# Looking for a young/baby northern NJ



## shizzoizzo7 (Apr 17, 2013)

I am looking for a young or baby rat in North NJ to be a companion to my current rat.

If anyone knows of any breeders with availability please let me know.

Thank you

Sent from Petguide.com Free App


----------



## MimiSkye (Feb 3, 2014)

Are you willing to travel? If you wanna drive a few hours theres a great rescue in New England. They're based in Maine but they work all across New England. I live in Massachusetts. They have trains that come down here for transport. I just adopted my second rat from them and they have a ton of babies right now. A bunch from Dewey's litter plus some that are even younger. Heres a link to Dewey's moms second litter (she came to the rescue with a litter and she was also pregnant, so they got two litters!)

http://mainelyratrescue.org/rattieblog2/?p=8389

Those are just the girls...if you click available animals you can see all of them. Dewey (formerly Vanilla Bean) came from the wicked whoopie litter. 
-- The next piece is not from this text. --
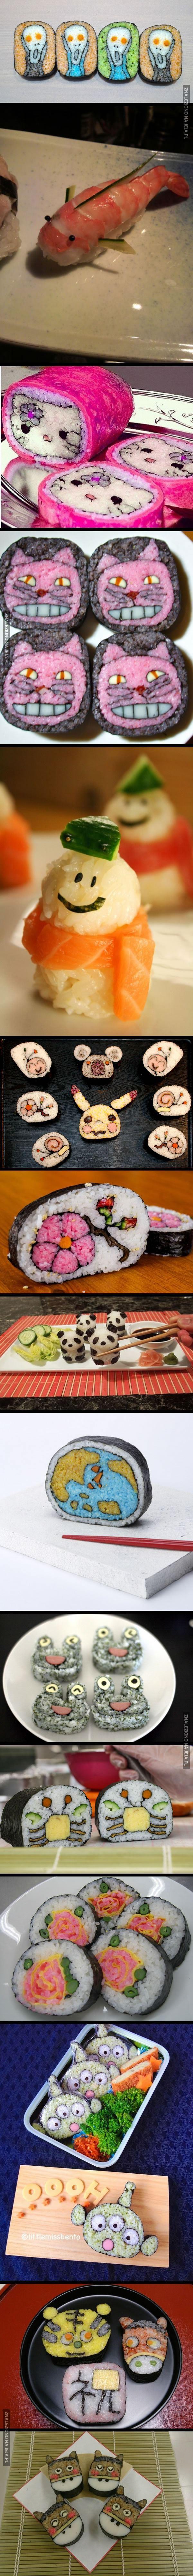 Sztuka sushi

I know its far, but it's so worth it. They are a great organization and will help set up a transport.


----------



## PaigeRose (Apr 12, 2013)

Theres quite a few breeders in PA, Embers of Passion Rattery being one of them. Philly Rat Rescue, Rat Chick Rescue are the 2 rescues I know of. I'm pretty sure theres a lot in NYC too.


----------



## shizzoizzo7 (Apr 17, 2013)

Contacted Embers of Passion. Thank you

Sent from Petguide.com Free App


----------



## ratswithfoxandbear (Feb 12, 2014)

Someone just posted that they need a rescue in Jersey City! It's on this forum somewhere!


----------